EXERCISE DETAILS
The copy should hold exactly the lines below from the one that contains "Prognostic Evaluation of" through the one that contains "52164-52100 TO1184103 Car" and nothing else, so no pictures.

======== DATA SHOWN ========

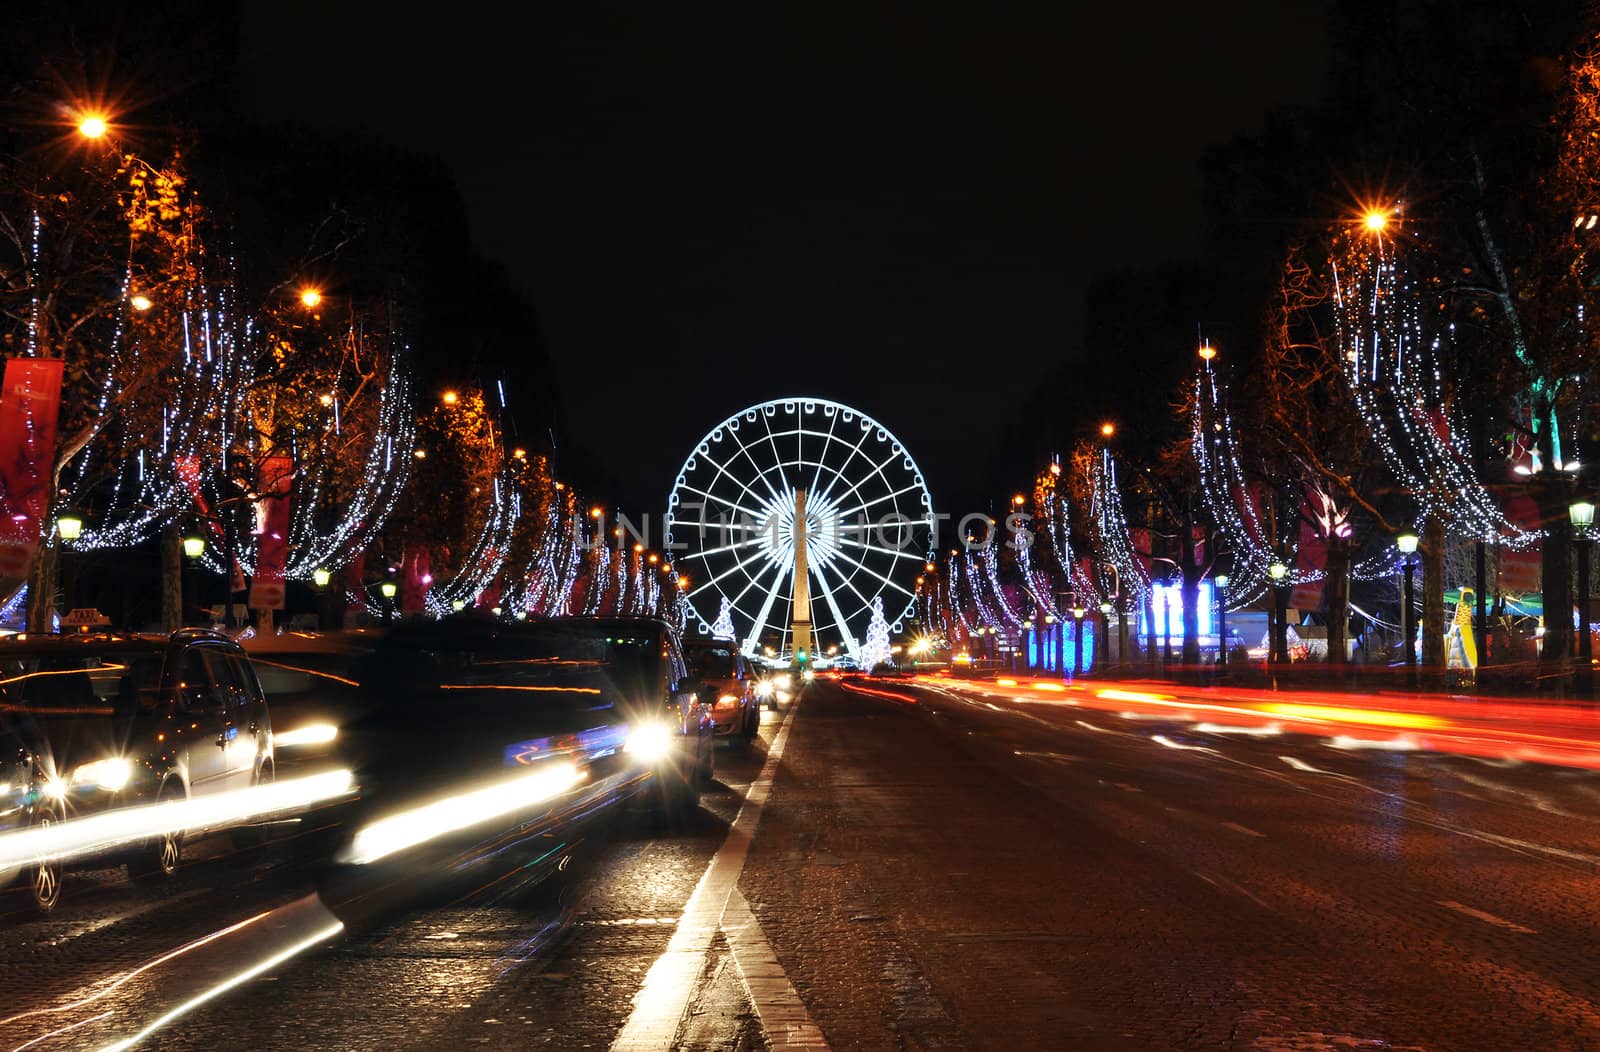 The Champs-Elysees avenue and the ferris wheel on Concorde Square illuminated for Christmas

========
======== DATA SHOWN ========

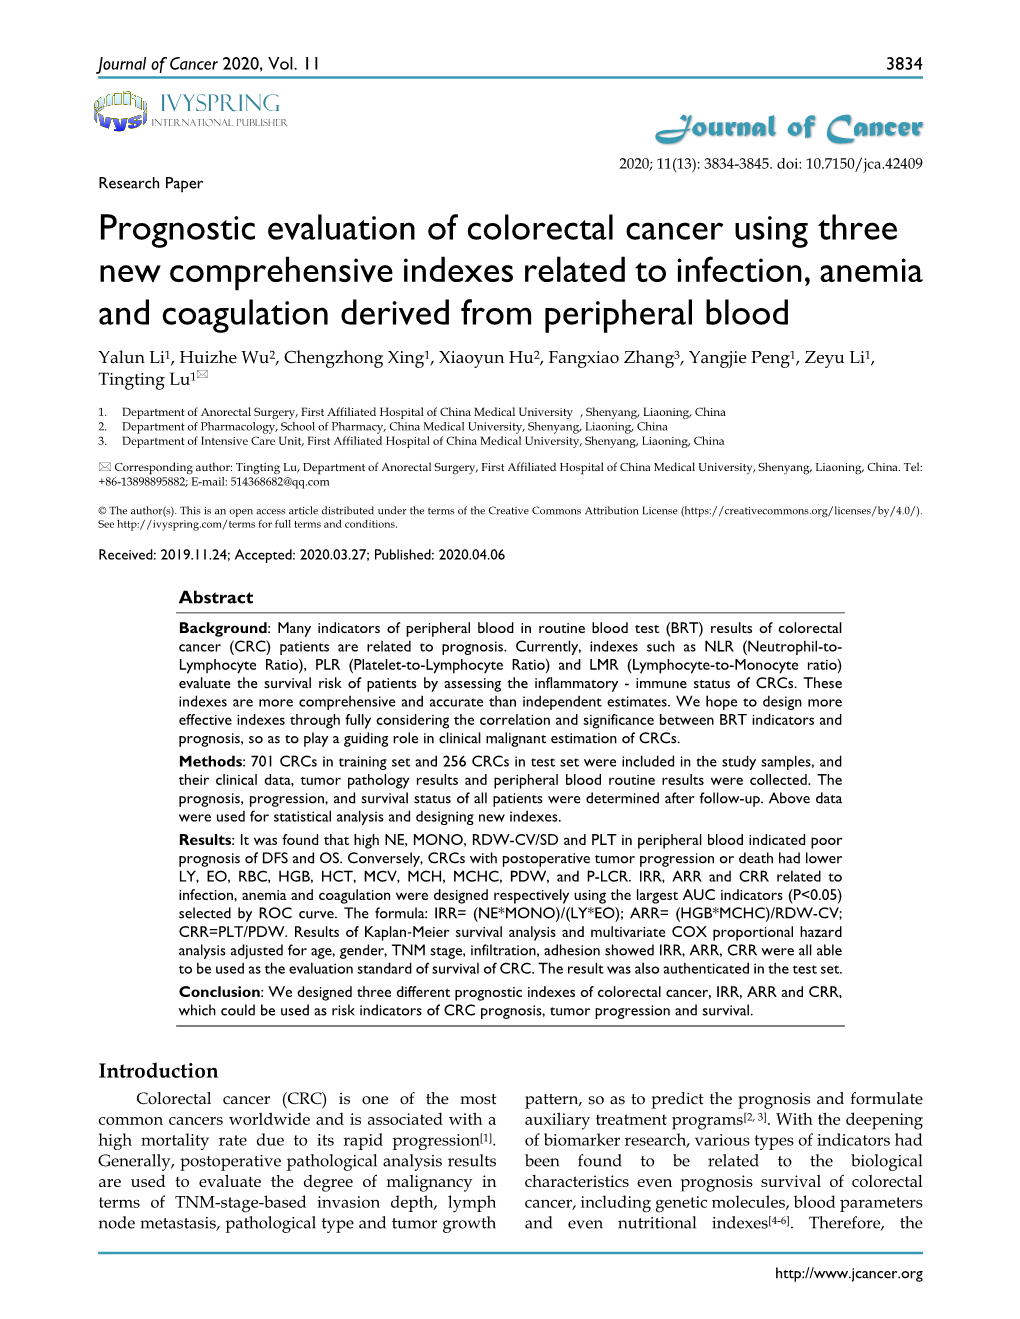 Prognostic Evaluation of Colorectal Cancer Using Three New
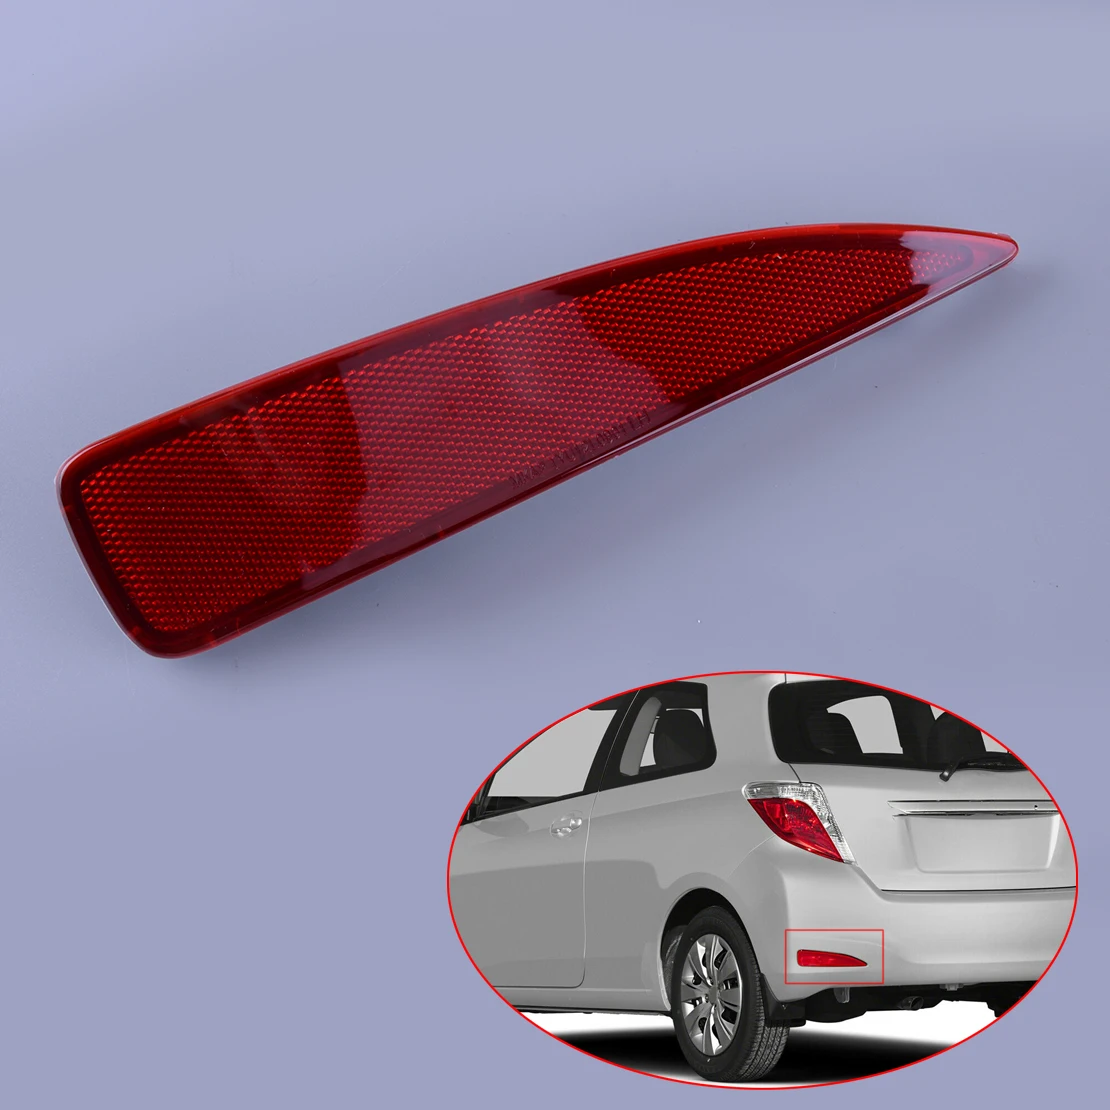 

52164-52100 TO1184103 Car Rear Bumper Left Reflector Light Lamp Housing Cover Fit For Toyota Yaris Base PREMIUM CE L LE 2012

========
======== DATA SHOWN ========

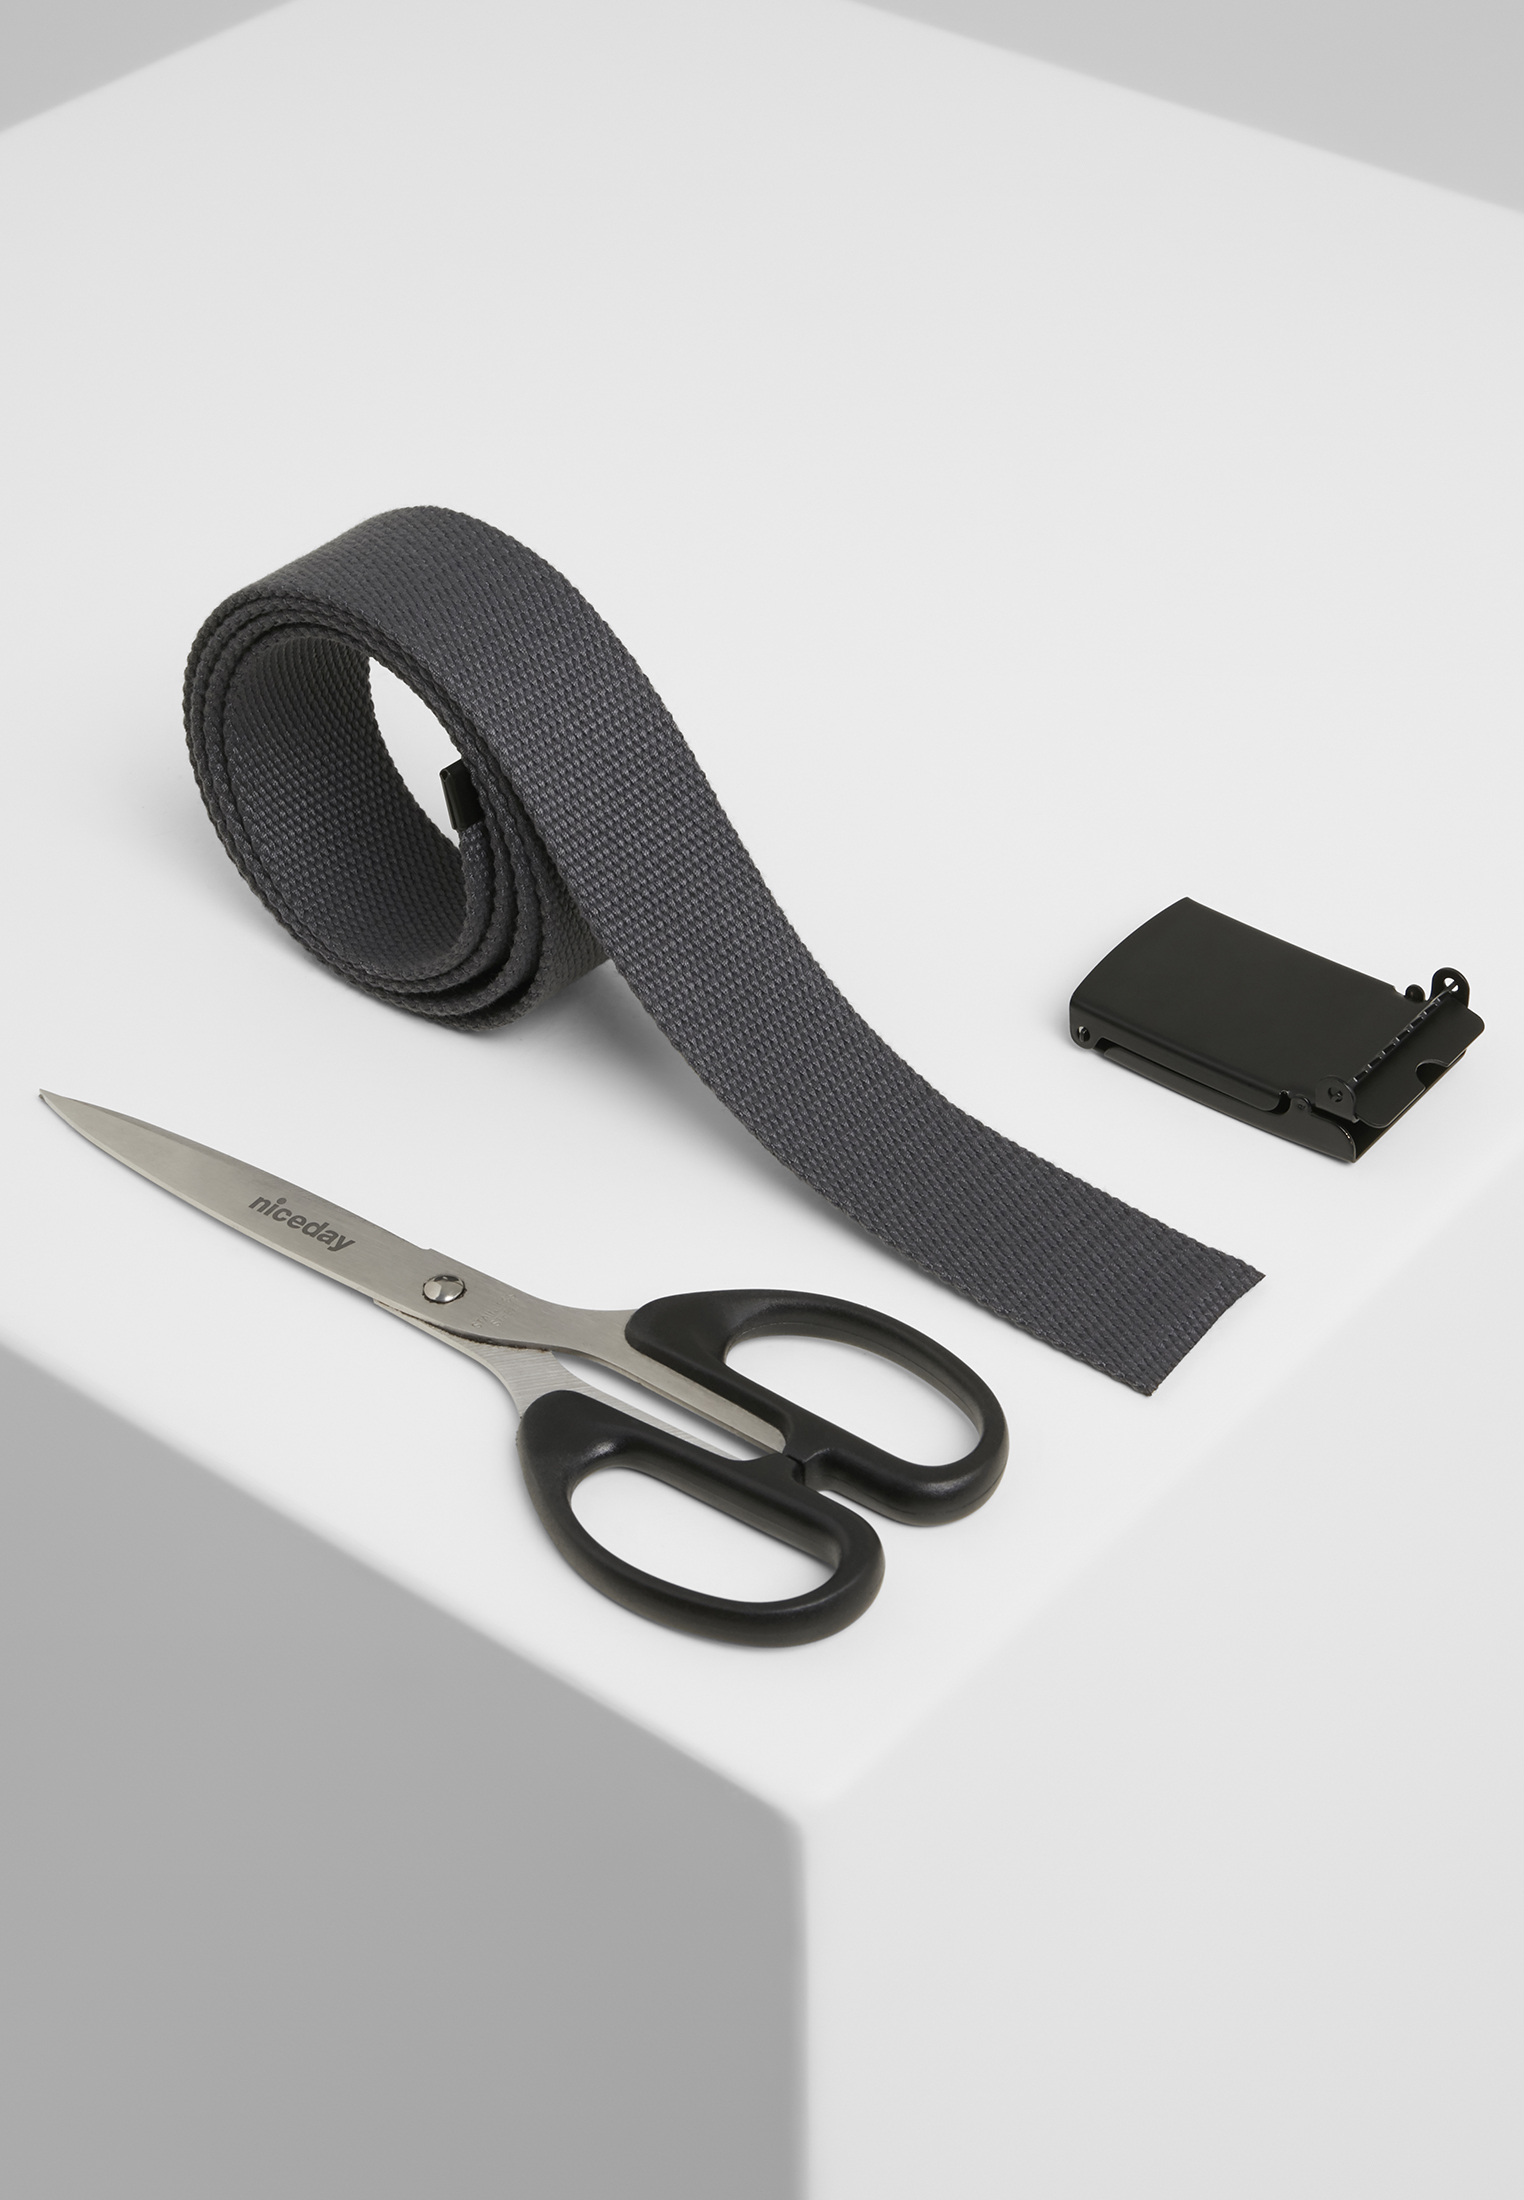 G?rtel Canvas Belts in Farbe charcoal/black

========

RESPONSE FOR THIS EXERCISE
 Prognostic Evaluation of Colorectal Cancer Using Three New

52164-52100 TO1184103 Car Rear Bumper Left Reflector Light Lamp Housing Cover Fit For Toyota Yaris Base PREMIUM CE L LE 2012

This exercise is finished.